After ten days self isolating then straight back into a hectic week at work, I was ready to get outdoors yesterday. The heavy rain had gone and the sun was trying to come out as I drove up and across the moor to the Sherrifmuir Inn (not an inn now, its a bit like the famous sign up north, you know the one – ‘Stromeferry: no ferry’). It will always be the Sherrifmuir Inn tho….
Just past the inn, I parked at a group of Caledonian pine trees. The shitzu immediately jumped onto my lap, staring out the window, trembling with excitement. “Calm doon” I say, before adding “ya wee dick”. Luckily she doesn’t understand and as I open the door, she shoots out.
We head off along a path through the trees. Theres one tree which has been struck by lightning, leaving a huge charred spike sticking up, reminding me of a song* – “Its a bang on landscape, with a burnout tree, where the lightning struck not once, not twice, more like repeatedly”. Some of the trees are leaning at a angle, years of constant wind taking their toll.
A picnic bench with small stone circles nearby tell me this is a spot for camping, maybe a young team sitting round the fire, clutching cans of lager, passing round the bottle. And the stories would begin, faces lit by the fire, the trees creaking around them with the wind. Ghost stories hopefully.
But today the suns coming out and we wander on past the woods and across the open moor, the Shitzu zooming ahead, startling a grouse. Not sure who got the bigger fright, Shitzu or the bird.
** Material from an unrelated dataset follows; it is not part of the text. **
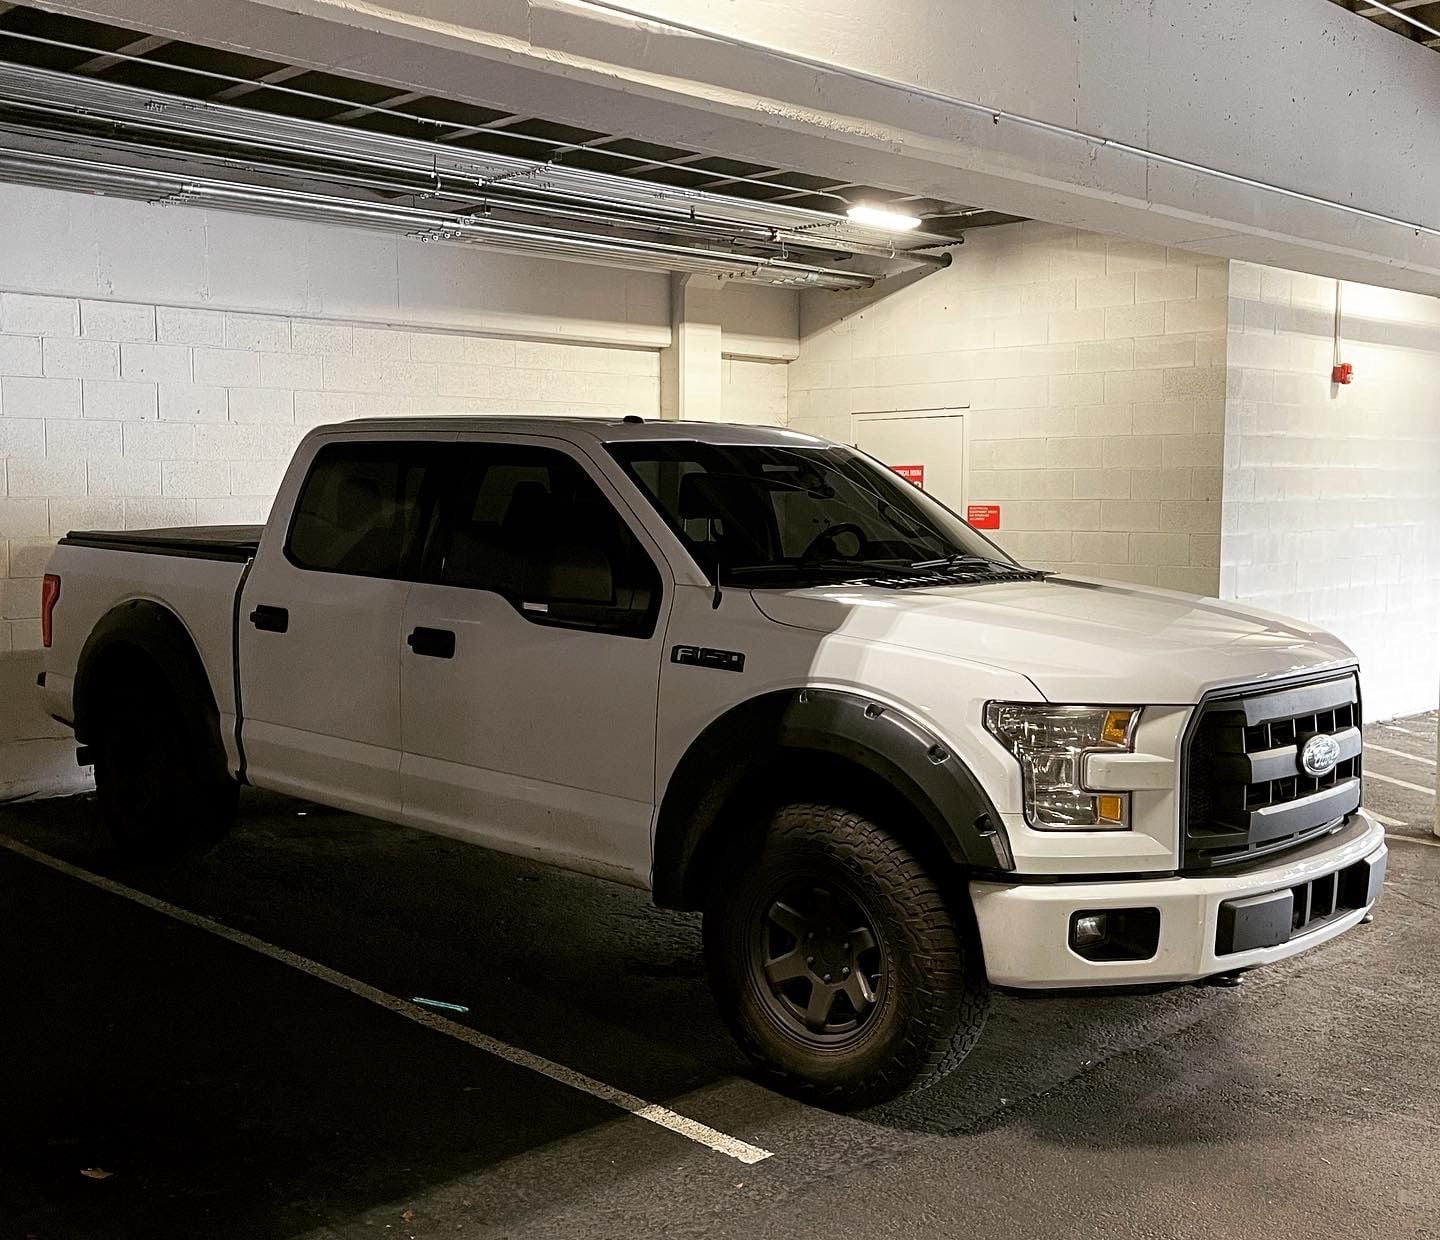 2016 F150 4x4 SuperCrew XLT 2.7 EcoBoost Build - Page 58 - Ford F150 2016 Ford F 150 2.7 Ecoboost Problems
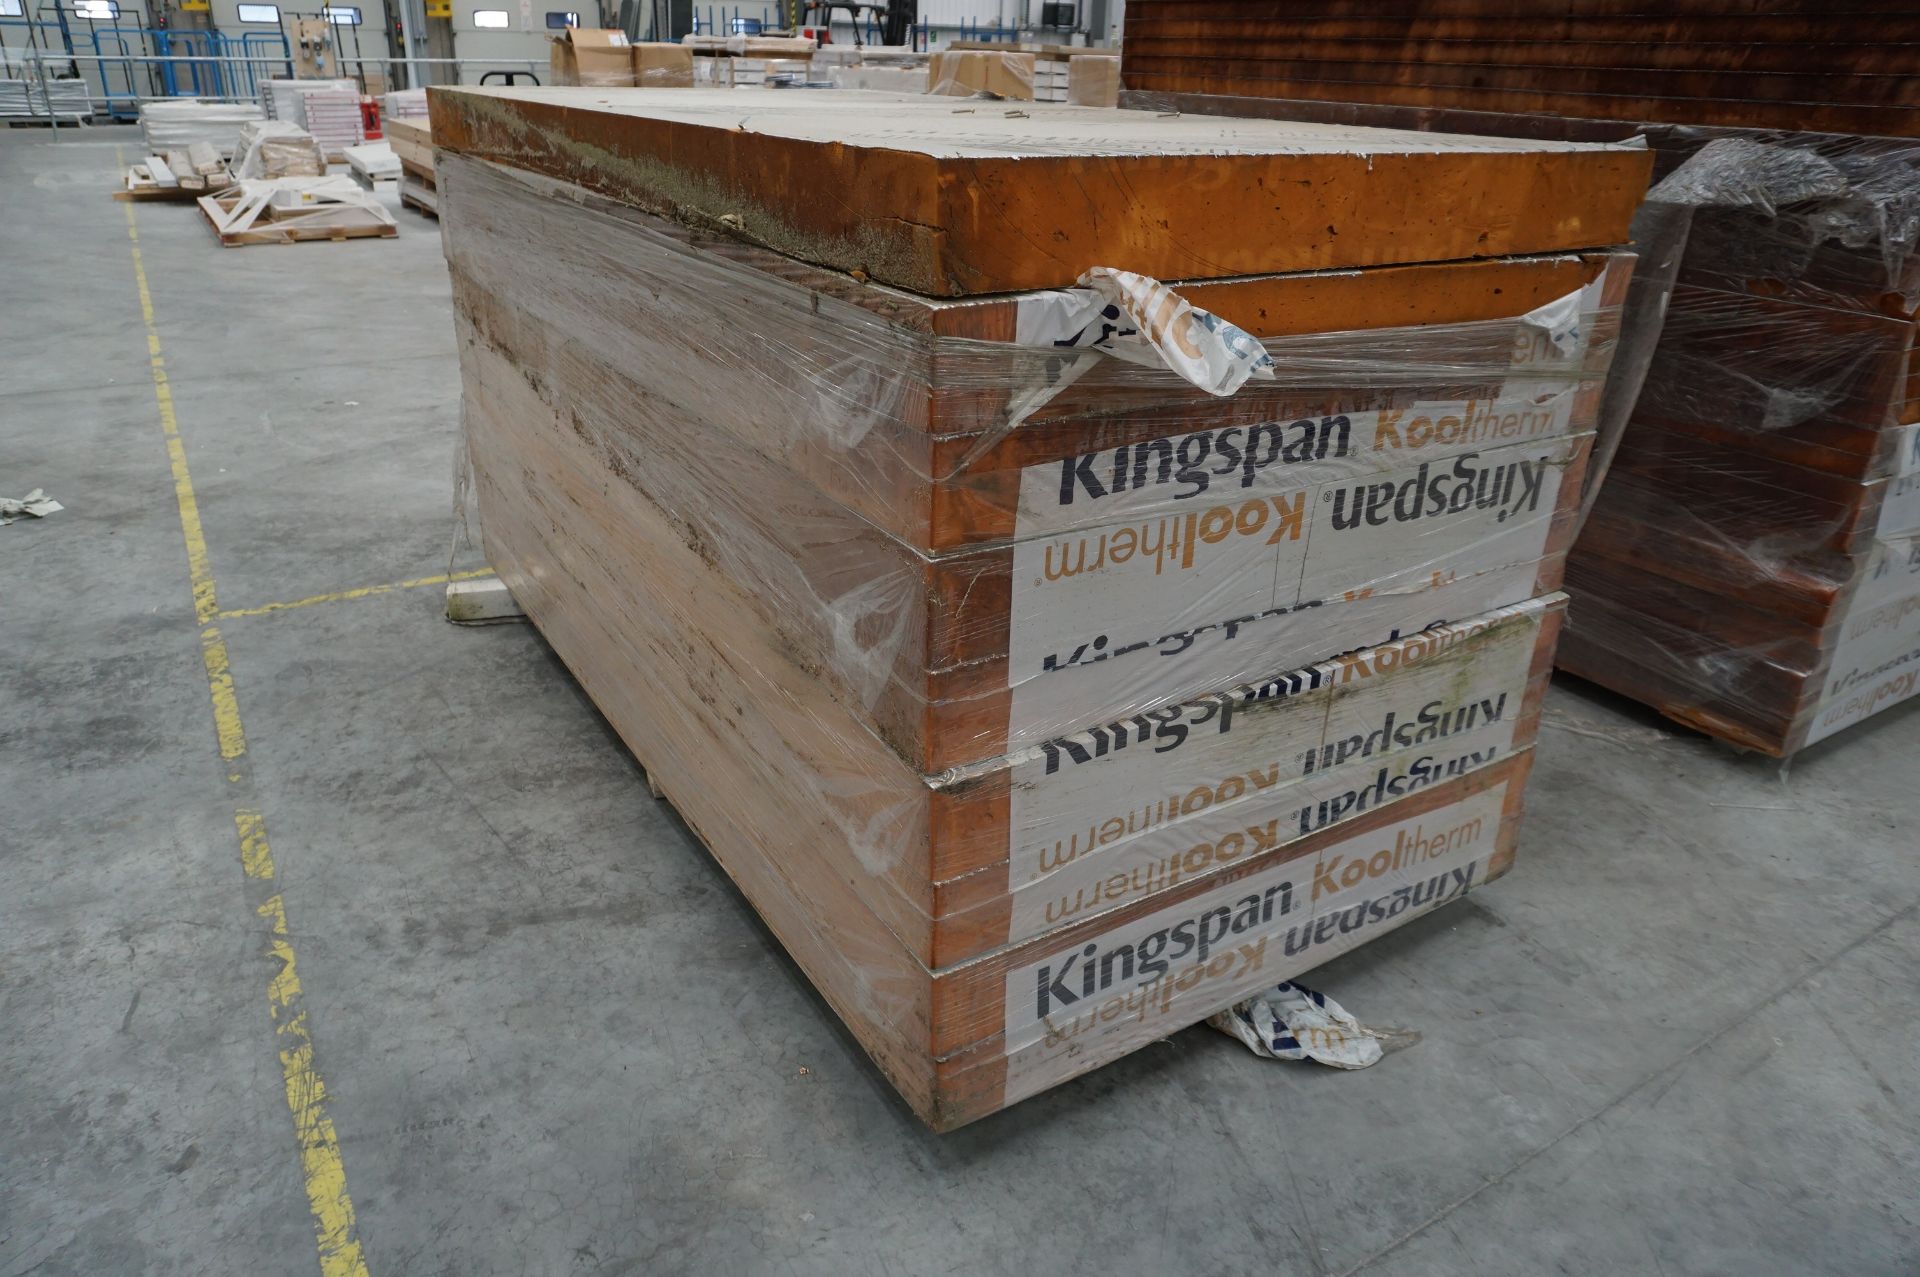 Kingspan, Kooltherm K112 framing insulation board, 1200 x 2400 x 130mm, 4 packs of 2 boards - Image 2 of 4

I had seen a tiny figure on the hill earlier and here shes coming towards us, a runner, all spittle and snotters. I stand to one side, pulling my jacket up to act as a mask. We give each other a silent wave as she passes, a complicit tight lipped covid wave.
Am I paranoid? Ten days self isolating is enough and I don’t want another dreaded text fae NHS. Tho how they would trace me I dont know. I imagine The Woman Who Runs telling the NHS track and trace guy “oh and there was this guy up Sherrifmuir…and he had a Shitzu…a really ugly Shitzu”. The NHS guy nods thoughtfully, rubbing his chin before murmuring to himself “The Man Who Walks eh”. The Women Who Runs doesn’t hear this however, she shakes her head as if to dislodge an image. “So ugly” she whispers to herself.
Meanwhile, I spot a wee path following a burn downstream. We follow that to a beautiful tiny waterfall. This would be a cracking spot for a picnic next summer, I say to the Shitzu who is now frantically chasing my shadow.
We climb up the sodden path, feet squelching. My walking boots were maybe £39, I’m thinking, but they are definately waterproof. “Aye, but what about thae £59 trainers ye bought the same day, they’re made ae cardboard”. This too is true.
A mouse! A wee mouse shoots across the path in front of me. This happens several times on the walk. Once when we were in a wee cottage at Sligachan on Skye, we were sat drinking, blethering rubbish when this wee mouse shot across the room right past Kuros nose. We were like ‘did that just happen?’ Kuro just slept on, totally oblivious.
On the way down, we pass the Atlantic Wall. This is a long hideous concrete wall and was used to train soldiers in the second world war on how to attack a defended position, either by air or by foot. They also say it was in preparation for the Normandy landings but I dont see how a defensive wall on a Scottish moor can replicate a beach in France.
We reach the road at the junction for Greenloaning and walk back up it towards the car, meeting another guy with his spaniel. We stand talking and discover we have a mutual friend in Harris , proving again that its a wee world.
The Shitzu is shivering by now so we jog the last wee bit, jump in the car and head home past the inn. Good to get out, I tell the Shitzu as I turn up the heating. Shes asleep before we reach the fourways roundabout.